SWIMMERS

I took the crazy short-cut to the bay;

Over a fence or two and through a hedge,

Jumping a private road, along the edge

Of backyards full of drying wash it lay.

I ran, electric with elation,

Sweating, impetuous and wild

For a swift plunge in the sea that smiled,

Quiet and luring, half a mile away.

This was the final thrill, the last sensation

That capped four hours of violence and laughter:

To have, with casual friends and casual jokes,

Hard sport, a cold swim and fresh linen after ...

And now, the last set being played and over,

I hurried past the ruddy lakes of clover;

I swung my racket at astonished oaks,

My arm still tingling from aggressive strokes.

Tennis was over for the day—

I took the leaping short-cut to the bay.

Then the swift plunge into the cool, green dark—

The windy waters rushing past me, through me;

Filled with a sense of some heroic lark,

Exulting in a vigor clean and roomy.

Swiftly I rose to meet the feline sea

That sprang upon me with a hundred claws,

And grappled, pulled me down and played with me.

Then, tense and breathless in the tightening pause

When one wave grows into a toppling acre,

I dived headlong into the foremost breaker;

Pitting against a cold and turbulent strife

The feverish intensity of life.

Out of the foam I lurched and rode the wave,

Swimming, hand over hand, against the wind;

I felt the sea’s vain pounding, and I grinned

Knowing I was its master, not its slave.

Oh, the proud total of those lusty hours—

The give and take of rough and vigorous tussles

With happy sinews and rejoicing muscles;

The knowledge of my own miraculous powers,

Feeling the force in one small body bent

To curb and tame this towering element.

Back on the curving beach I stood again,

Facing the bath-house, when a group of men,

Stumbling beneath some sort of weight, went by.

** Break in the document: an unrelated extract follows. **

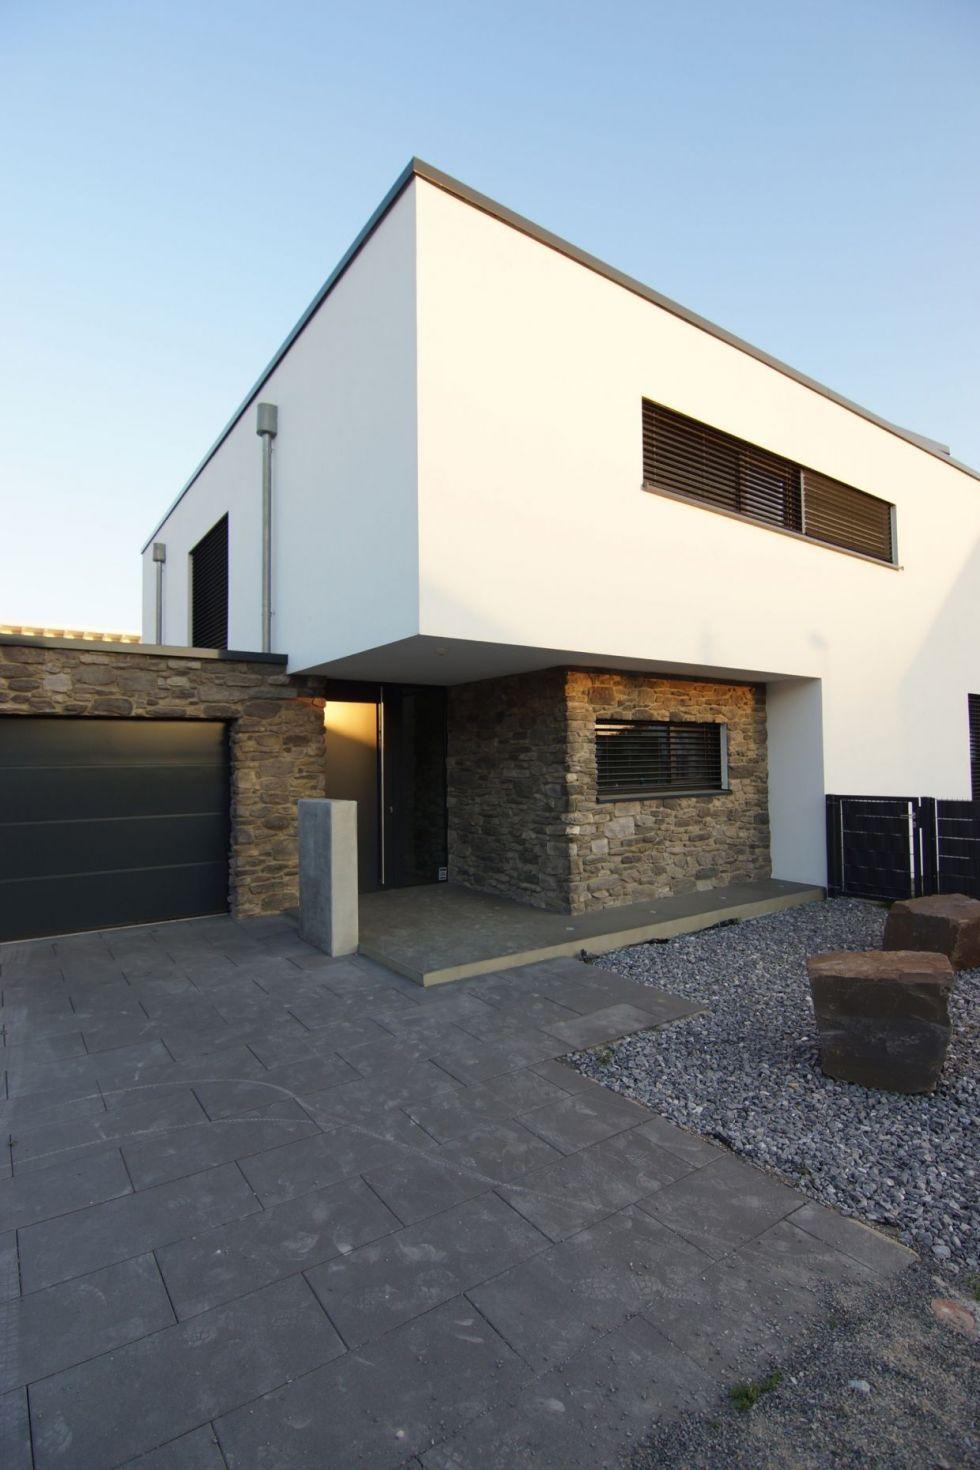 Hauspläne modern  Haus_pi - aprikari GmbH & Co. KG | Hauspläne | Pinterest | Haus ...
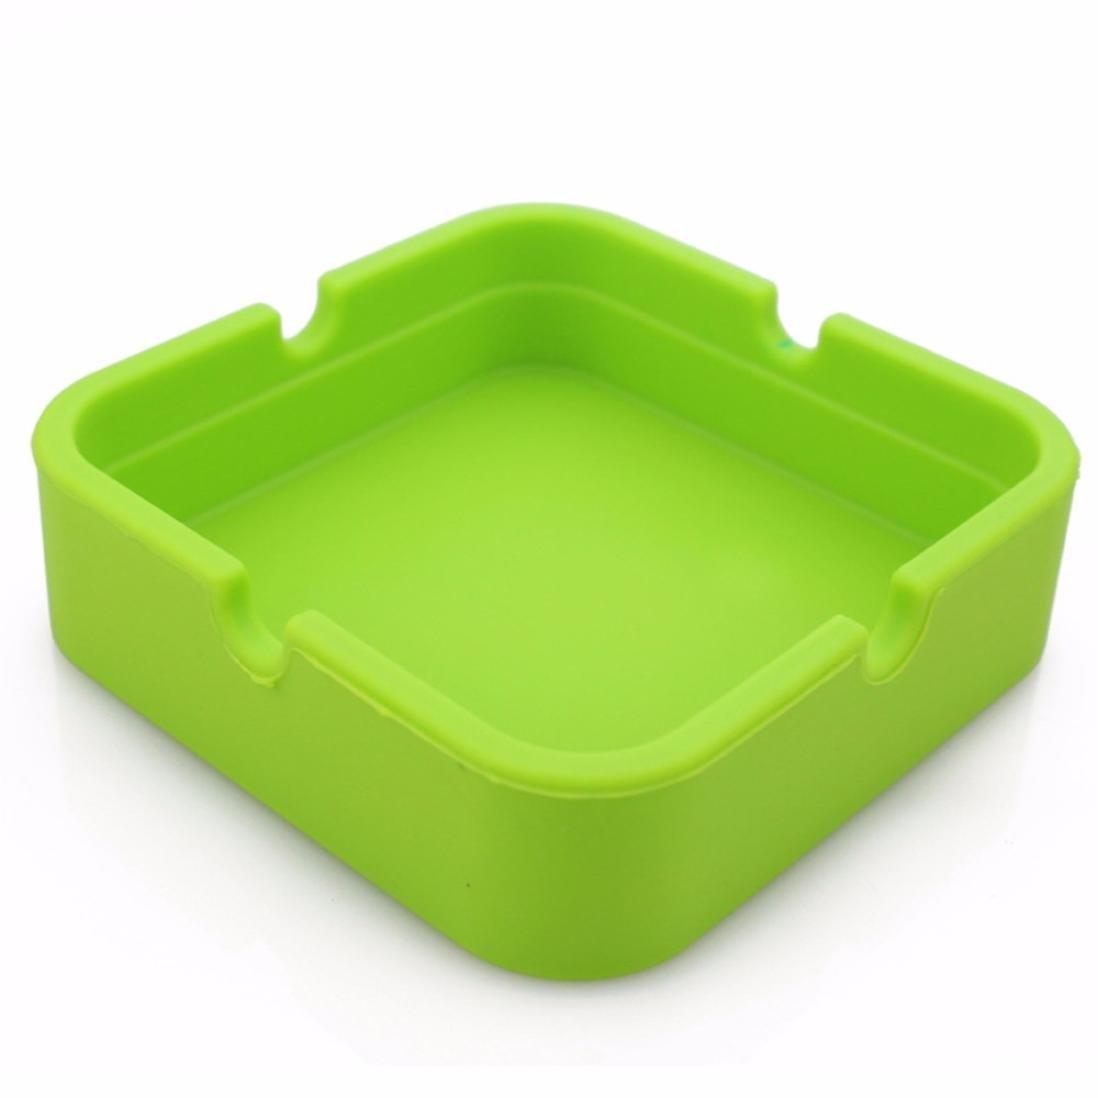 Bowake Clearance Sale! Colorful Eco-Friendly Premium Silicone Rubber High Temperature Heat Resistant Square Design Ashtray (Green)

I could not see the hidden thing they carried;

I only heard: “He never gave a cry”—

“Who’s going to tell her?”—“Yes, and they just married”—

“Such a good swimmer, too.” ... And then they passed;

Leaving the silence throbbing and aghast.

A moment there my buoyant heart hung slack,

And then the glad, barbaric blood came back

Singing a livelier tune; and in my pulse

Beat the great wave that surges and exults....

Why I was there and whither I must go

I did not care. Enough for me to know

The same unresting struggle and the glowing

Beauty of spendthrift hours, bravely showing

Life, an adventure perilous and gay;

And Death, a long and vivid holiday.